I'd say to definitely keep working with your dog, even if you decide just to go back to the trainer you like a PetSmart and eventually you'll be able to test your dog. You can even see if that trainer is eligible/interested in possibly becoming a CGC evaluator. PetCo paid for the application fees when our trainer had enough interest in a CGC prep corse and test.


----------



## RitaandRiley (Feb 27, 2012)

I actually just got a reply email from someone close by that might work out so I'm pursuing that.

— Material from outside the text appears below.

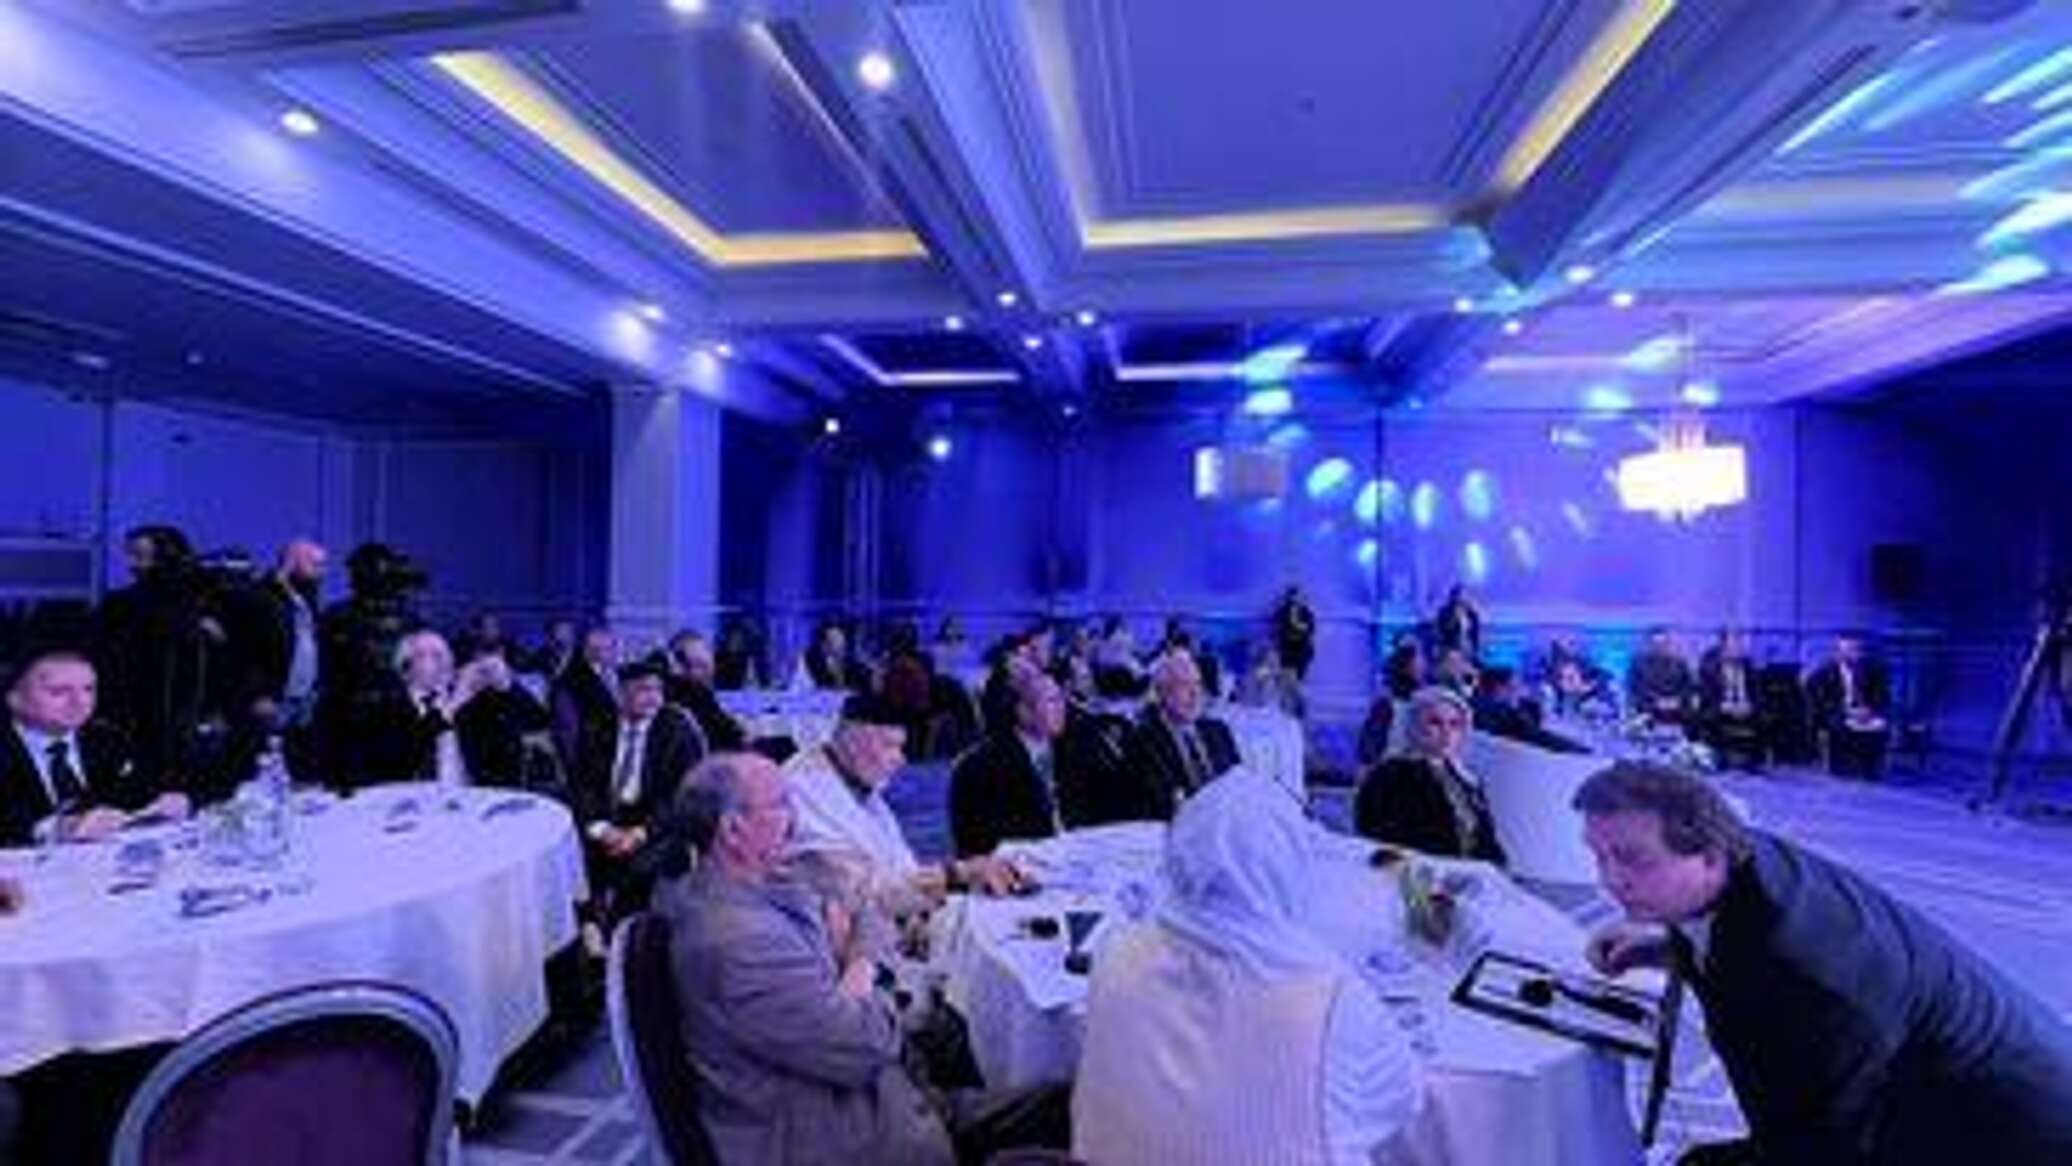 تونس تستضيف "الملتقى الدولي حول الاستقرار في ليبيا" بمشاركة ليبية ودولية واسعة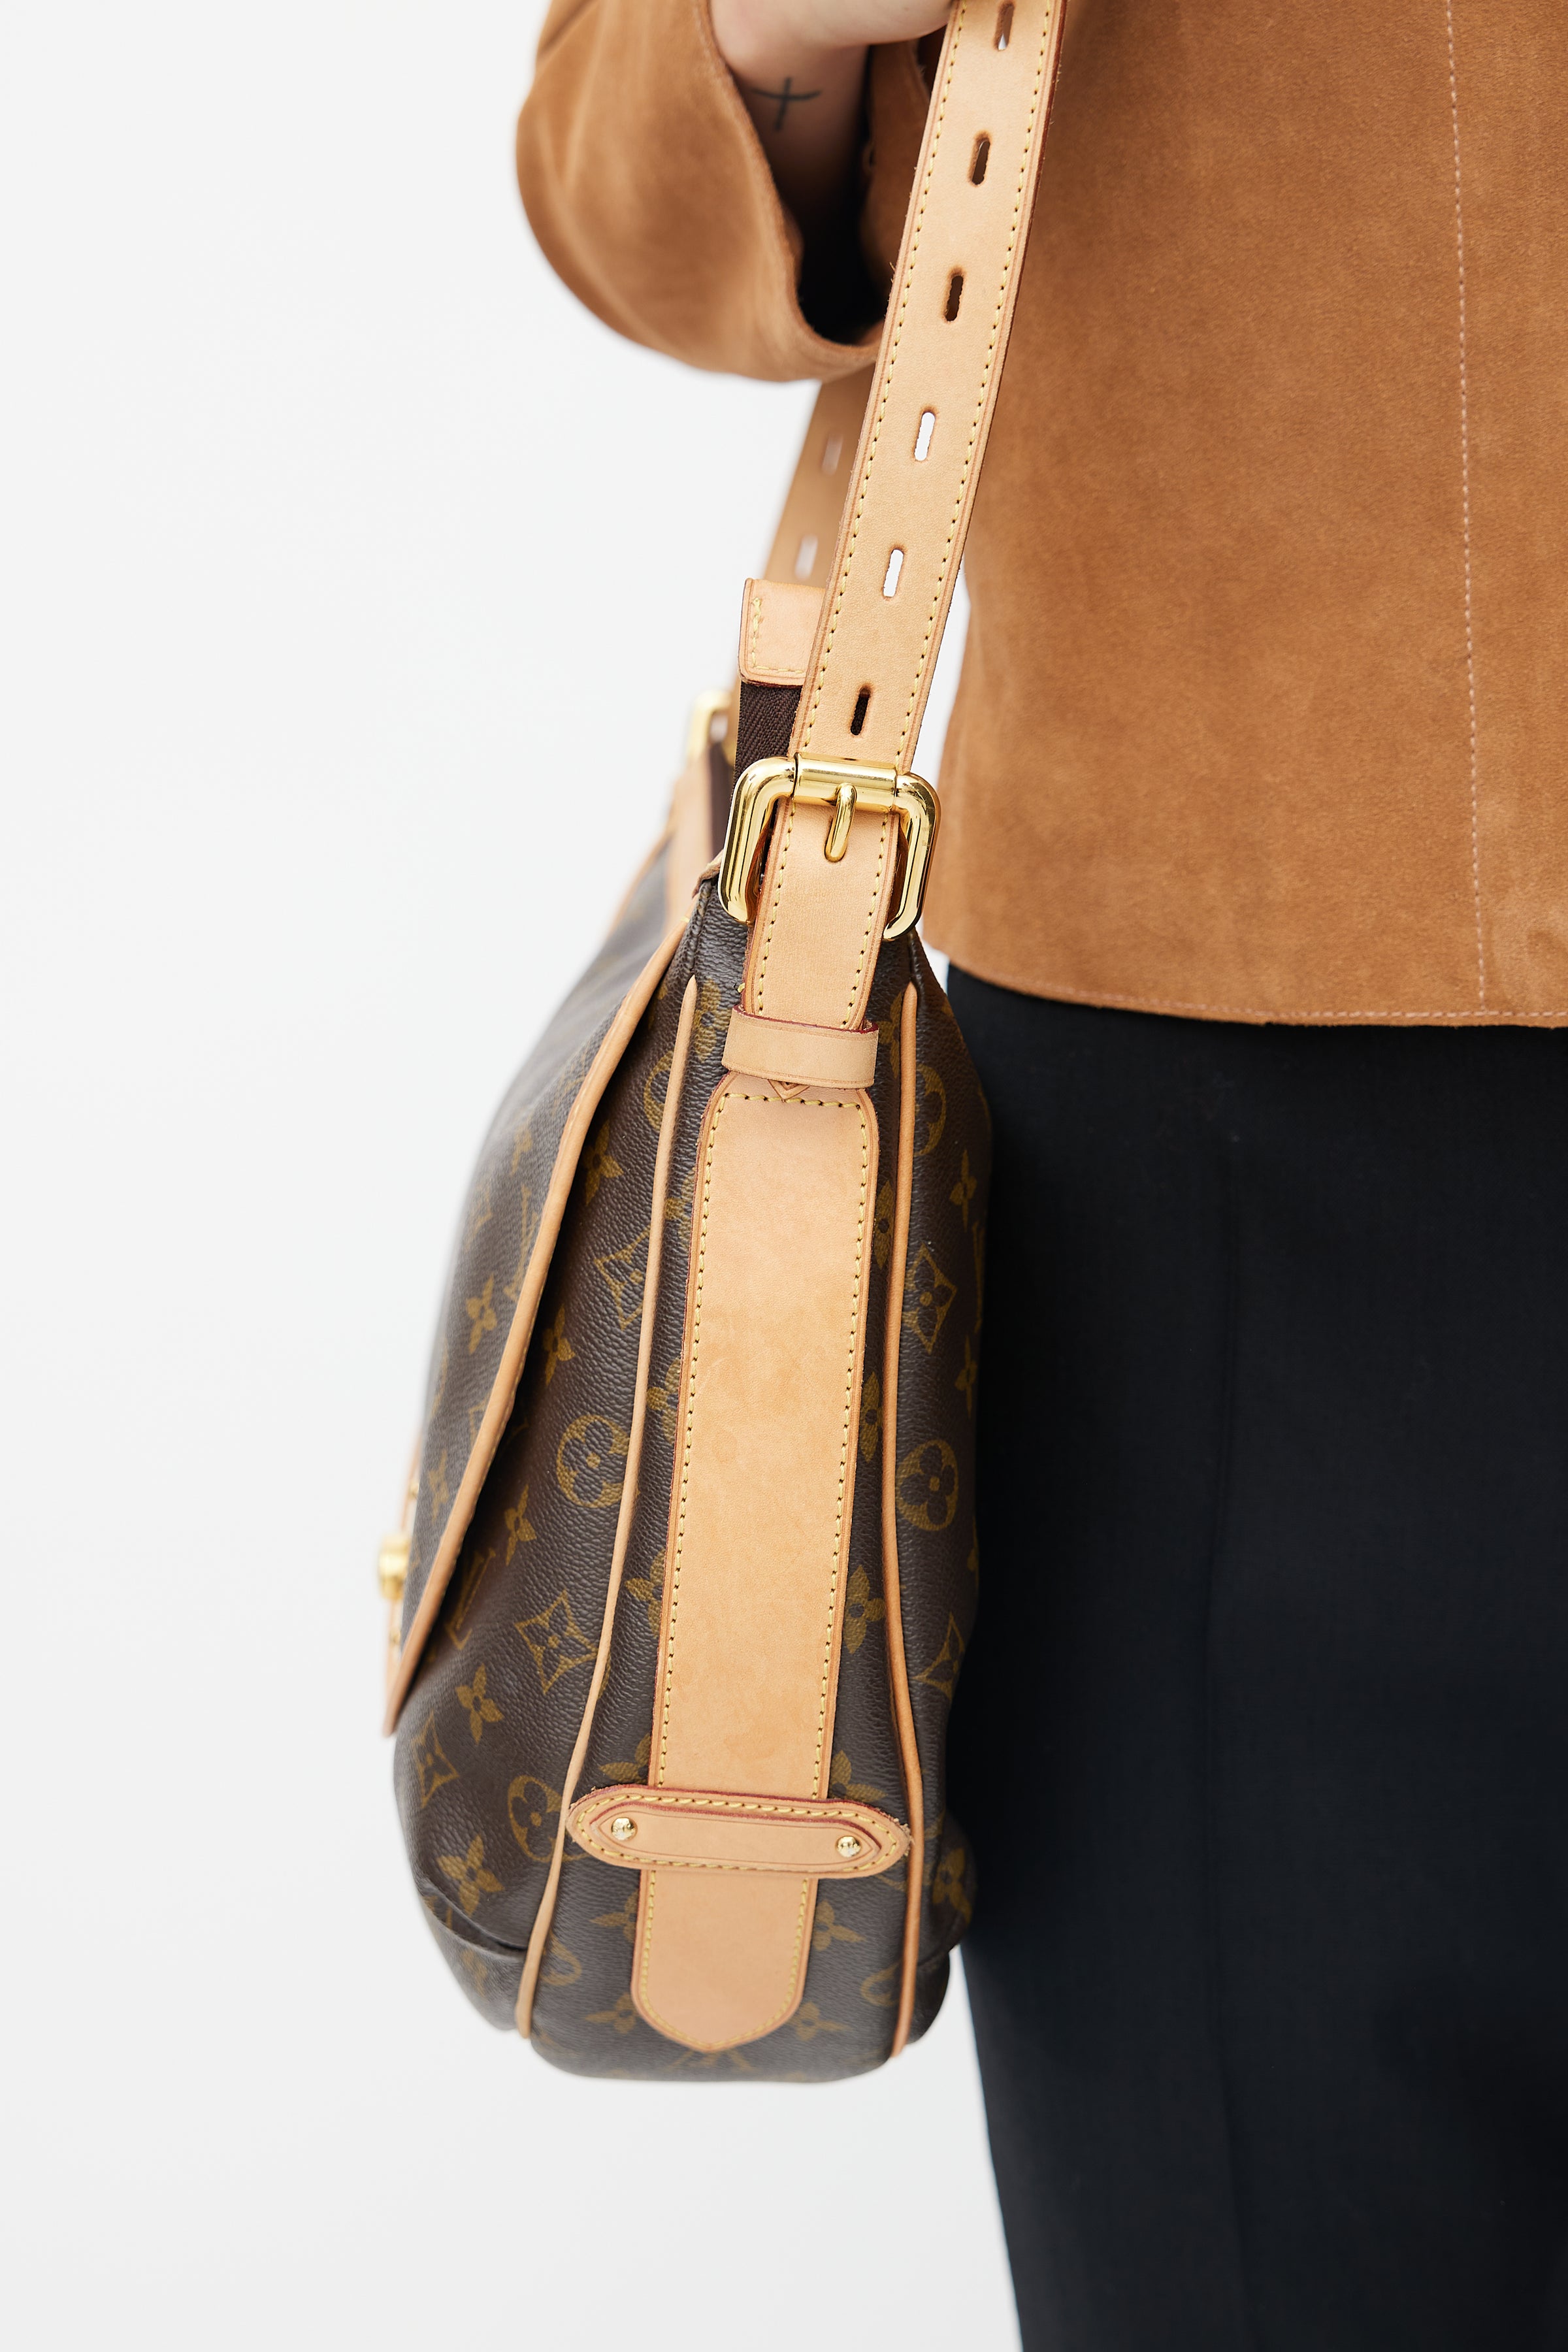 Authentic Louis Vuitton Monogram Menilmontant PM Crossbody Handbag M40474

Interesting advice SJ about the down-stay practice. That would help. And Linda, I've wondered if Pet Smart would help or at least allow our favorite trainer to get certified and do CGC. I'll talk to her about it.


----------



## jabojenny (Sep 18, 2011)

Hi Rita,
I'm in the same boat as you and Riley. I'm hoping to have Timmy try for his CGC in the fall and he totally freaks out with supervised separation. I have started doing short separations with the group I walk with in the morning. I leave Timmy with one of them and walk away and hide behind a car :laugh: the neighbors must thing I'm nuts. We're in class and the trainer asks what our goals are and surprisingly enough all five of us want to try our CGC so that's kind of what our skills are geared for. I do think it is easier for our boys once we're out of sight. This might be the thorn is Timmy's side that might hold him back from his CGC but that's life I guess. Good luck with class!


----------